SİNEKLİ BAKKAL (1967)

Yönetmen:Mehmet Dinler
Senaryo:Osman F. Seden (Halide Edip ASdıvar’ın aynı isimli romanından)
Foto Direktörü: Kenan Kurt
Yapım: Kemal Film / Osman F. Seden


Oyuncular: Türkan Şoray (Rabia), Ediz Hun (Pregrini), Çolpan İlhan (Emine), Kadir Savun Vehbi Dede), Toygar Belevi (Hilm, Süleyman Turan, Feridun Karakaya (Rakım), Funda Gürçen (Küçük Rabia), Erol Günaydın (Kız Tev-fik), Ali Şen (İmam), Nubar Terziyan (Paşa), Samiye Hün, Mürüvvet Sim (Sabiha Hanım), Ertuğrul Bilda, Feridun Çölgeçen (Rahip), M. Ali Akpınar, Muzaffer Yenen, Seyfi Havaeri, Sait Ergen, Hüseyin Güler


Sinekli Bakkal Hakkında:  Roman iki ana kısımdan oluşuyor. Birinci kısım kendi içinde yirmi yedi bölüm halindedir.

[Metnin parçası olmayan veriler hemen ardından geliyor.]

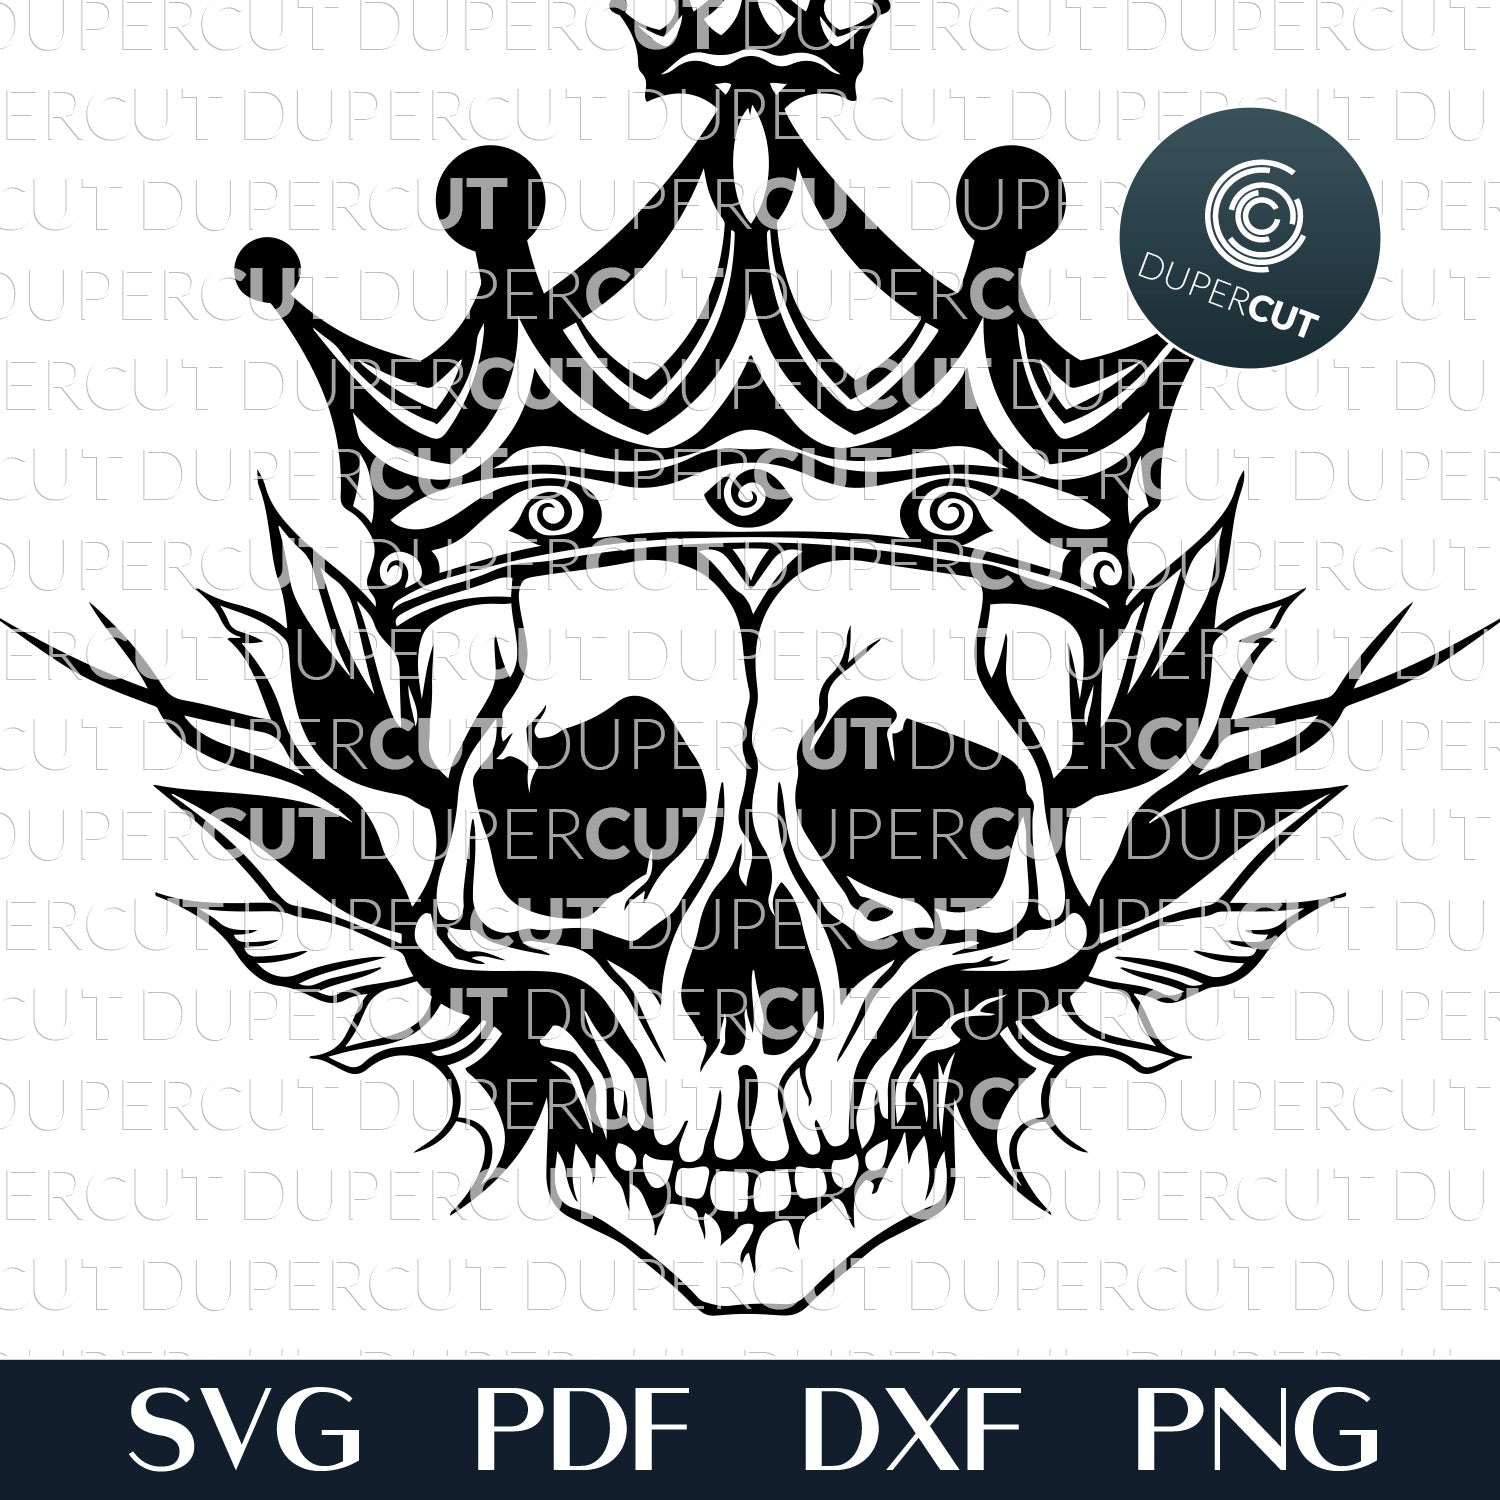 Skull king with crown, steampunk gothic cutting pattern - SVG DXF PNG vector files for Glowforge, Cricut, silhouette Cameo, CNC plasma machines by www.DuperCut.com
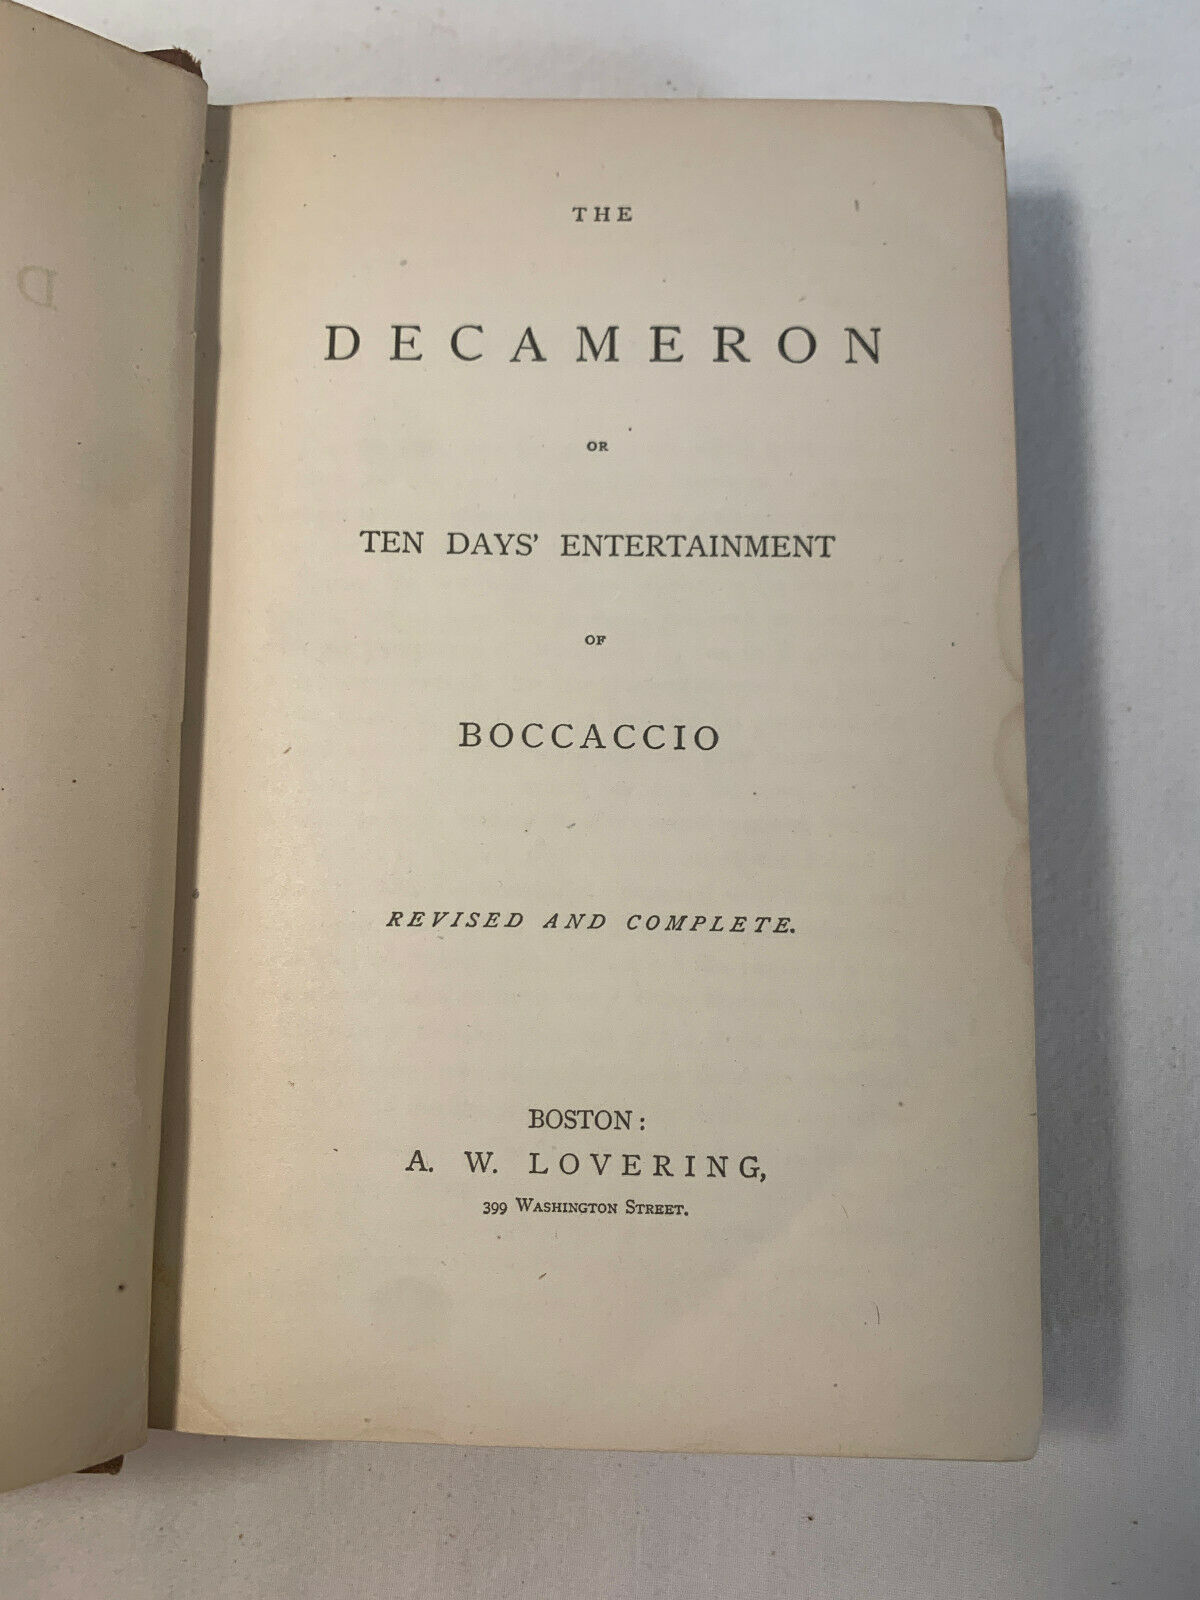 the decameron or ten days entertainment of boccaccio, Published by A.V Lovering

İkinci kısım ise kendi içinde yirmi üç bölümden oluşuyor. Romanın geneli göz önüne alınırsa siyasal, toplumsal ve duygusal sorunlarla örülmüş bir olay örgüsü dikkati çeker. II. Abdülhamit dönemi anlatılmaktadır. Ama sadece bir dönemin anlatıldığı bir roman değildir. Romanda Rabia’nın hayat hikayesi daha ön plandadır. Romanın ilk bölümünde daha çok ve karışık olaylar birbiri ardınca anlatılıyor; bu bölüm çözülecek olan bir düğüm şeklinde son buluyor. İkinci bölümde olay daha özele iniyor; daha yavaş bir şekilde Rabia’nın hayatı anlatılıyor. Romanın sonu hızlı bir şekilde ve çözüme ulaşarak bitiyor. Yazar, bu romanda kendi inandığı felsefeyi, değerleri olay örgüsüyle birlikte anlatıyor. Romanda zamana, reel hayata göre ya da bize göre ters gelen ve eleştirilecek noktalar olabilir; fakat bence önemli olan yazarın kendi görüşlerini ve kendi doğrularını güzel bir şekilde sunabilmiş olması ve bu sunumun en çok basılan - okunan romanlardan olabilmesidir.

Halide Edip’e göre medeni bir kadın iyi bir eğitimden geçmeli, dil öğrenmeli, spor yapmalı; toplum içinde çok rahat kendini ifade edebilmelidir. Romanın baş kahramanı olan Rabia da o dönemin şartlarına göre toplum içinde kendini çok rahatlıkla ifade edebilen her kesim tarafından sevilen ve saygı duyulan bir kadındır. Meselelerde bahsettiğim gibi bu roman, kendince, “olması gerekenleri” ve pek çok konudaki ideallerini, belki de bir nevi “simeranya”sının ipuçlarını yansıtıyor.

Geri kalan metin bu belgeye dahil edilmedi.